Start of PROVIDED MATERIAL
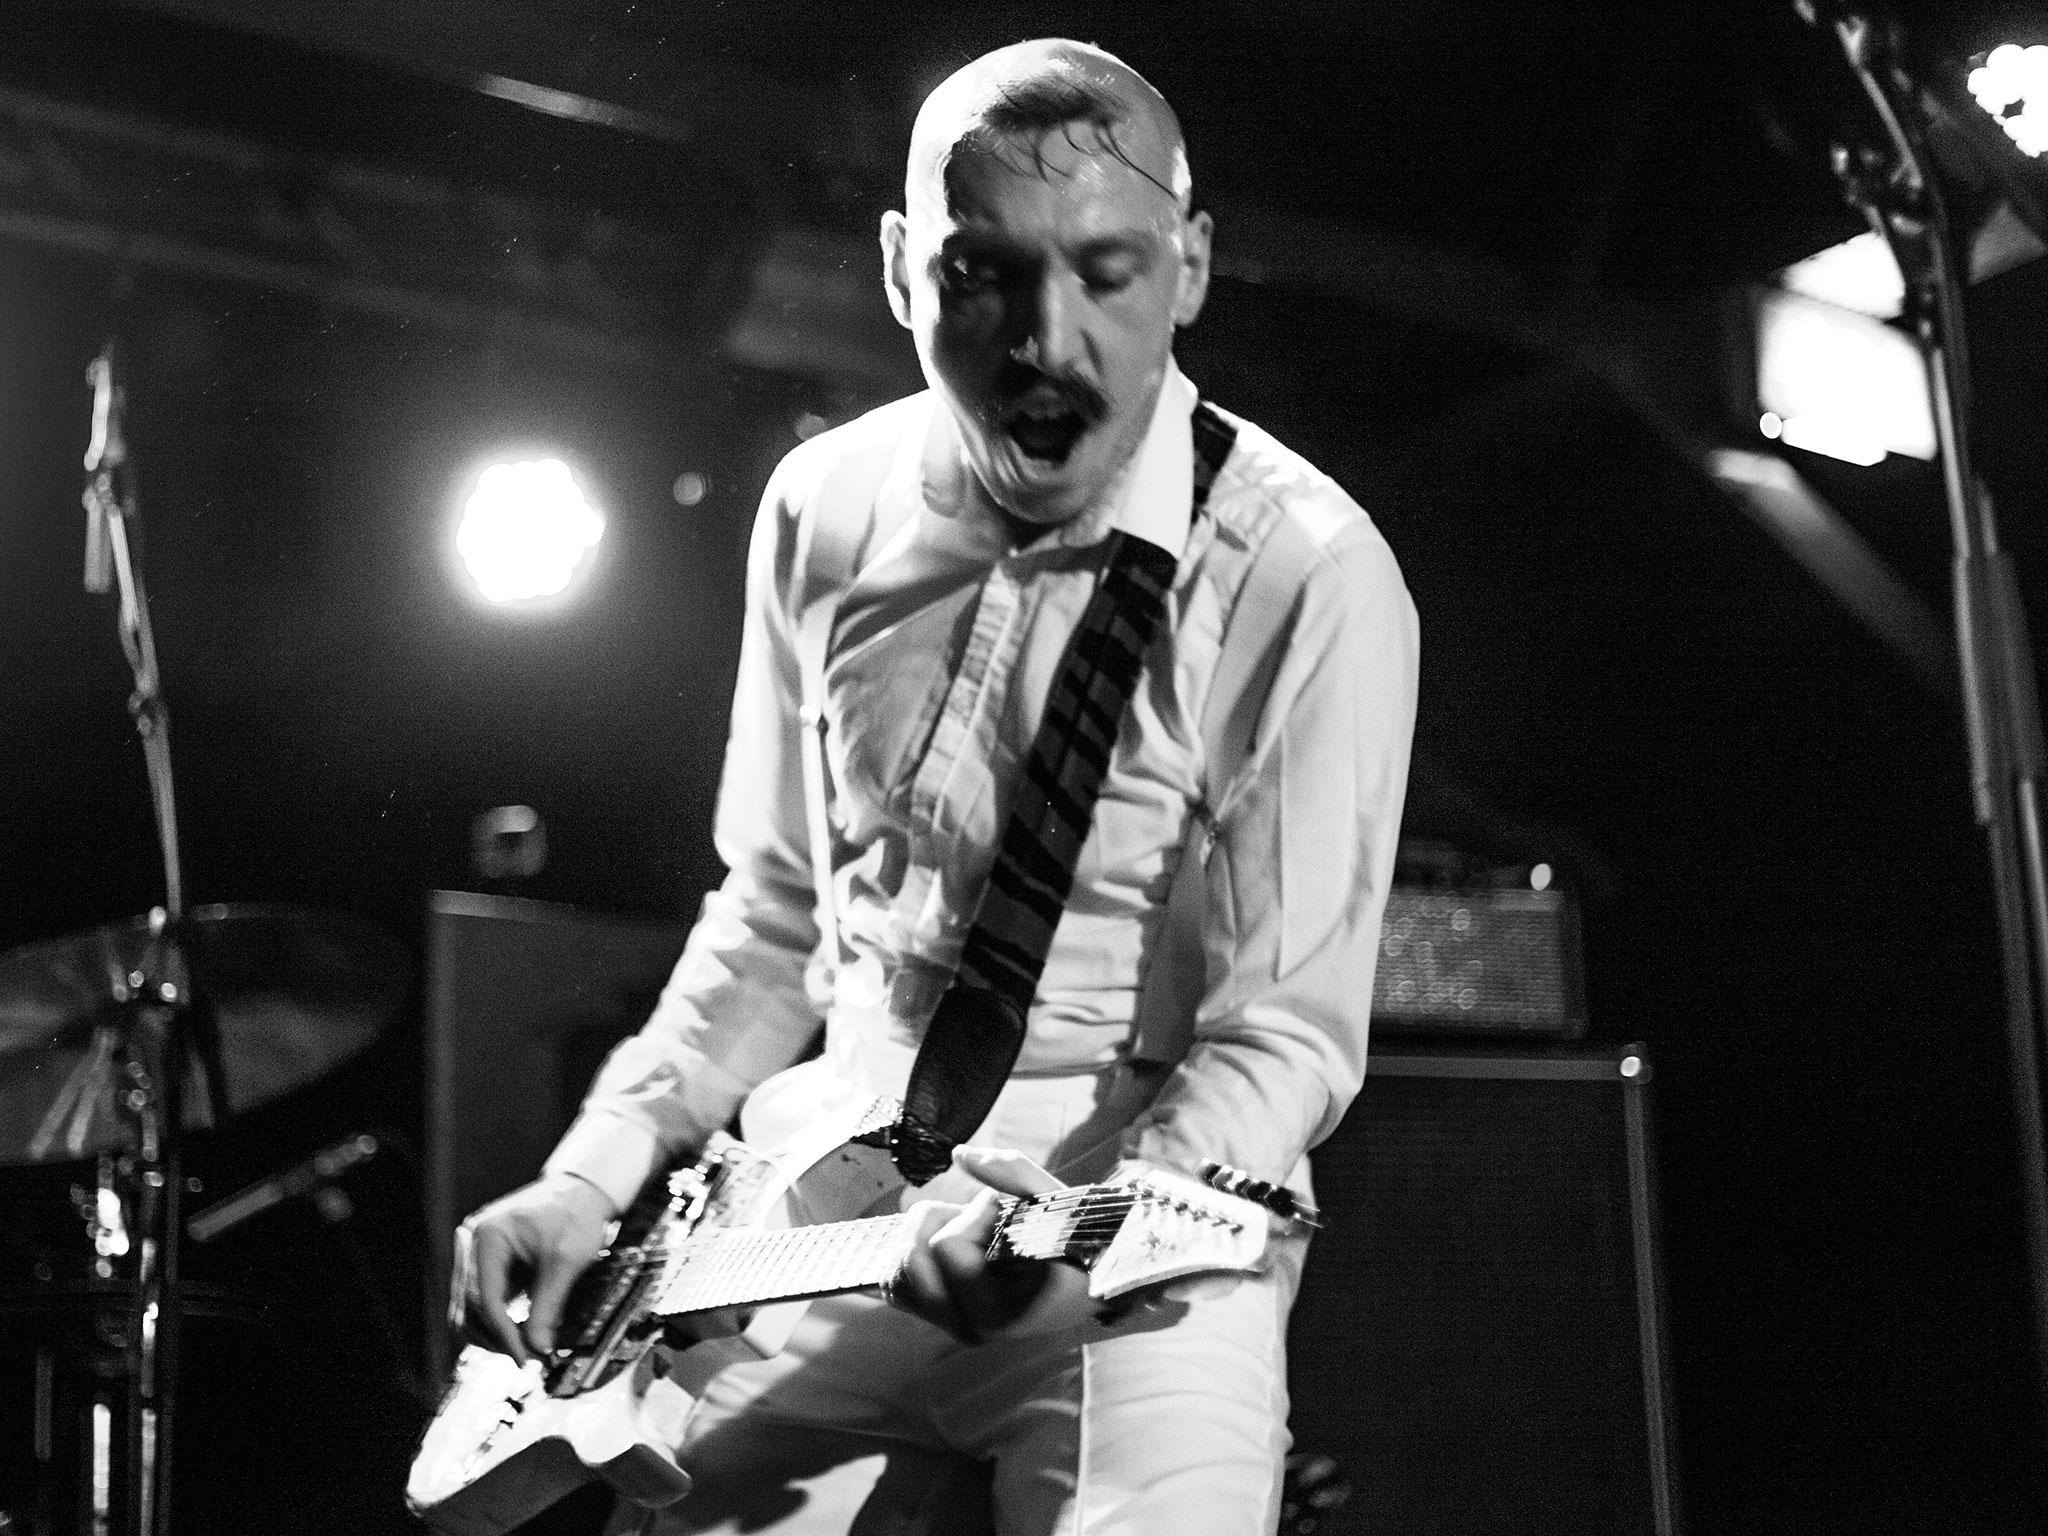 Jamie Lenman; one of the country's finest songwriters
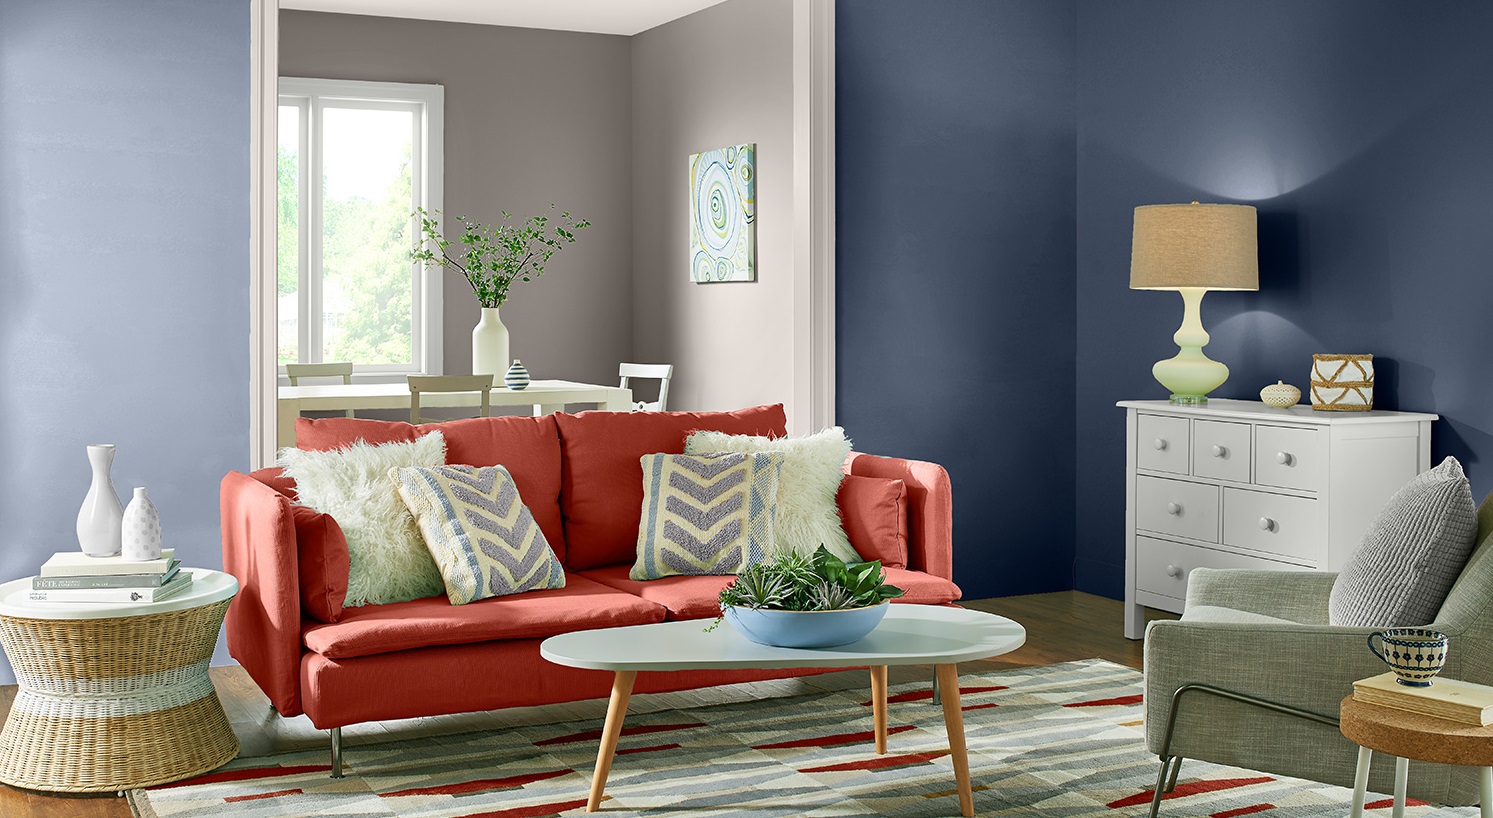 bold. 70+ Hottest Colorful Living Room Decorating Ideas - 56
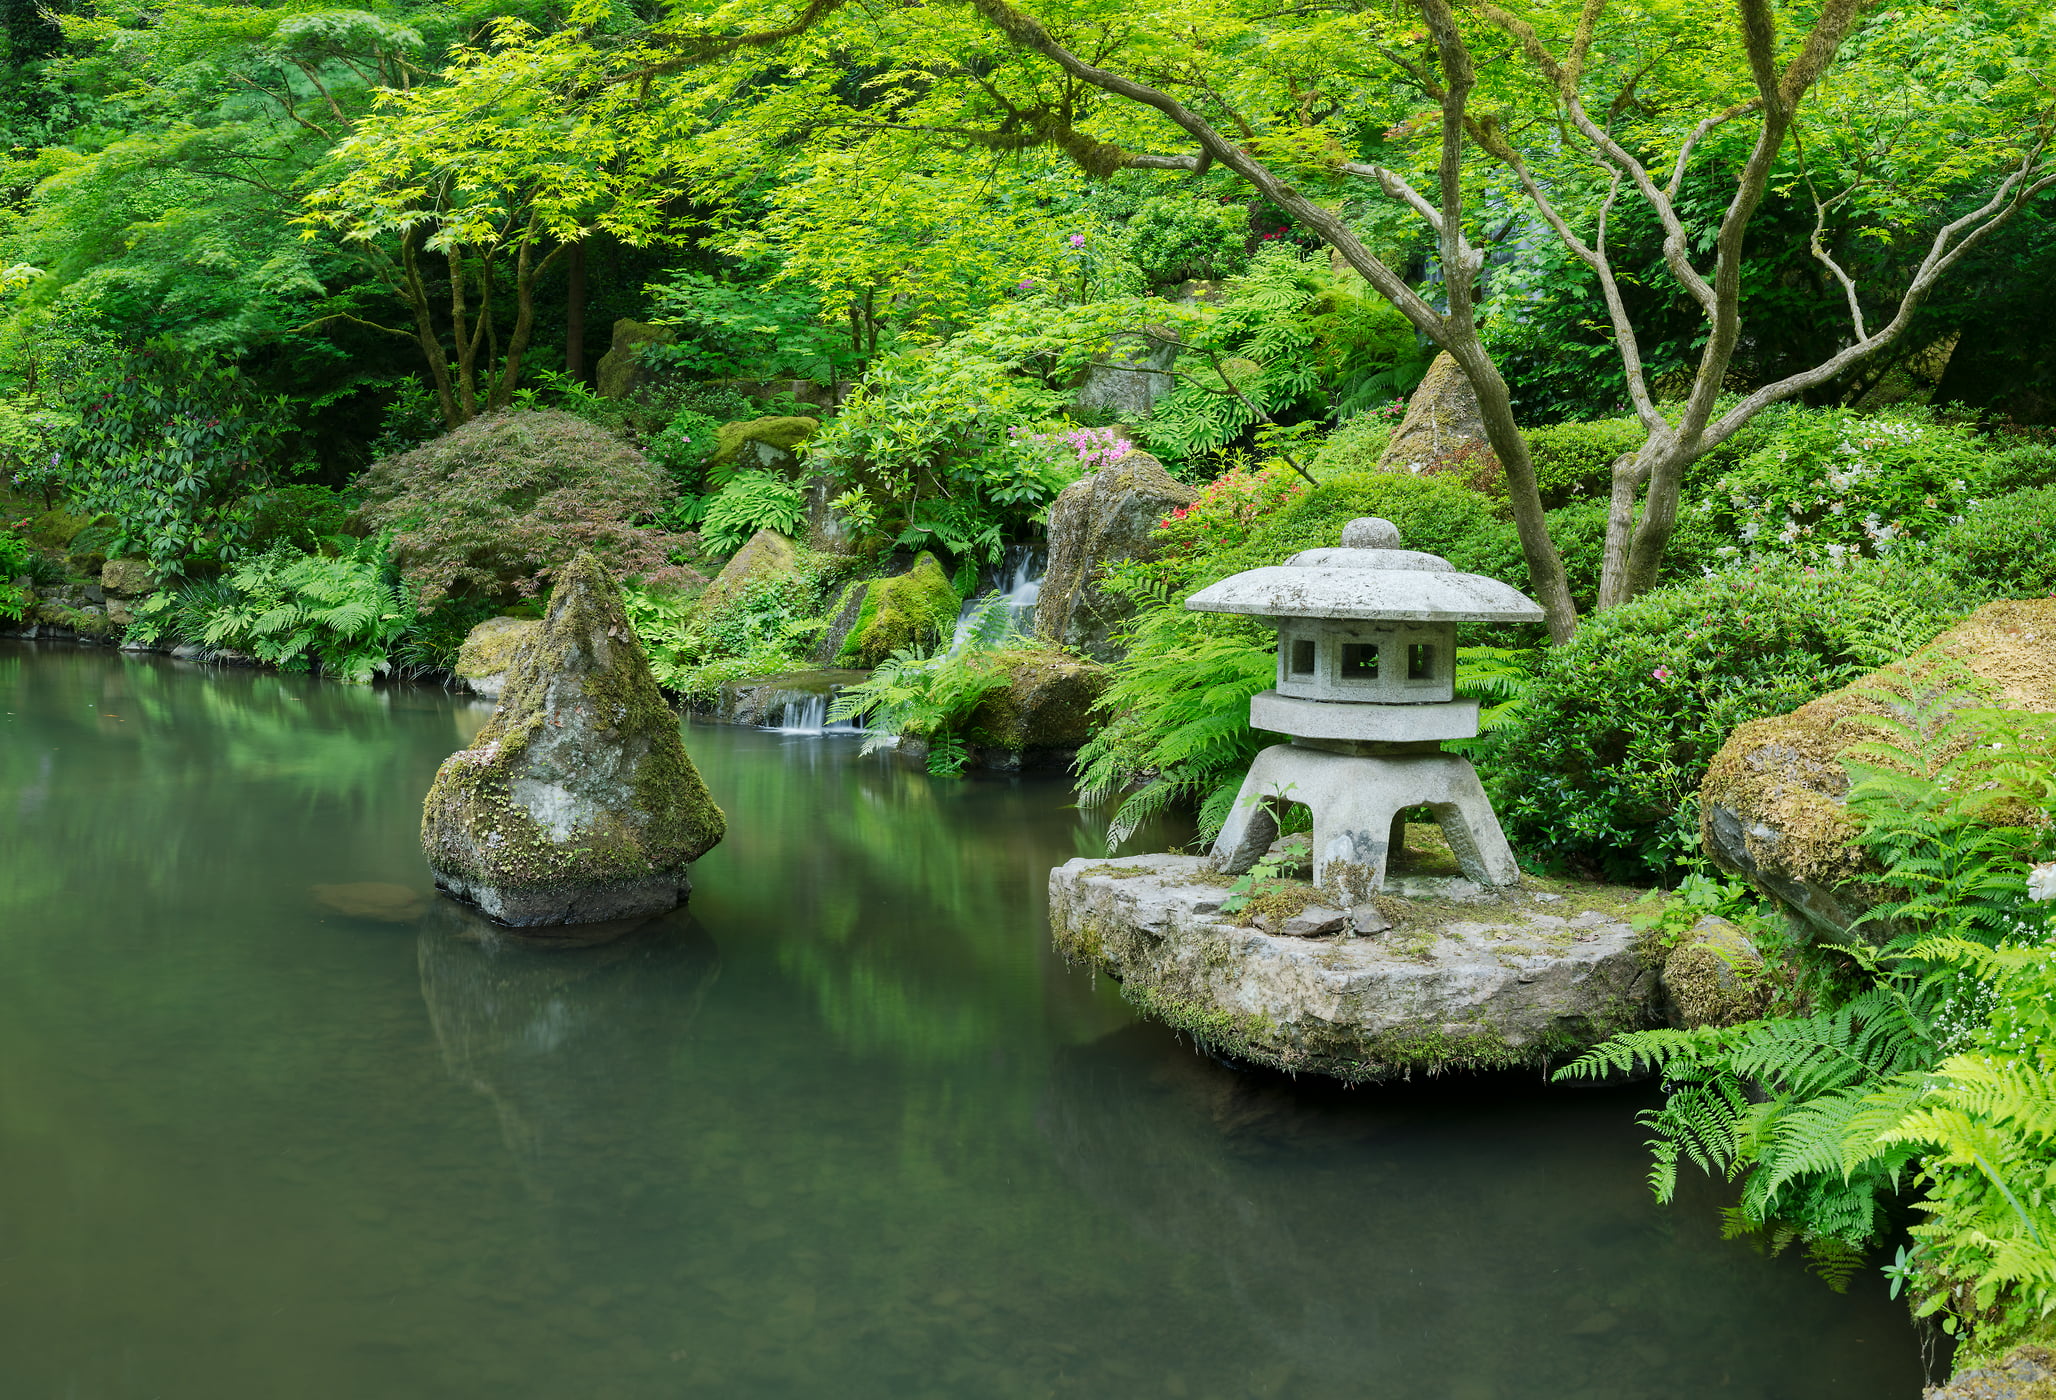 400 megapixels! A very high resolution, large-format VAST photo print of a Japanese garden with a pond and t?r? stone lantern; photograph created by Greg Probst in Japanese Garden in Portland, Oregon.
End of PROVIDED MATERIAL
• TRY IT:
Would you write out exactly the lines of the data from the one holding "bold. 70+ Hottest" to the final line, both included, with pictures left out?

• REPLY TO THE TASK:
 bold. 70+ Hottest Colorful Living Room Decorating Ideas - 56
 400 megapixels! A very high resolution, large-format VAST photo print of a Japanese garden with a pond and t?r? stone lantern; photograph created by Greg Probst in Japanese Garden in Portland, Oregon.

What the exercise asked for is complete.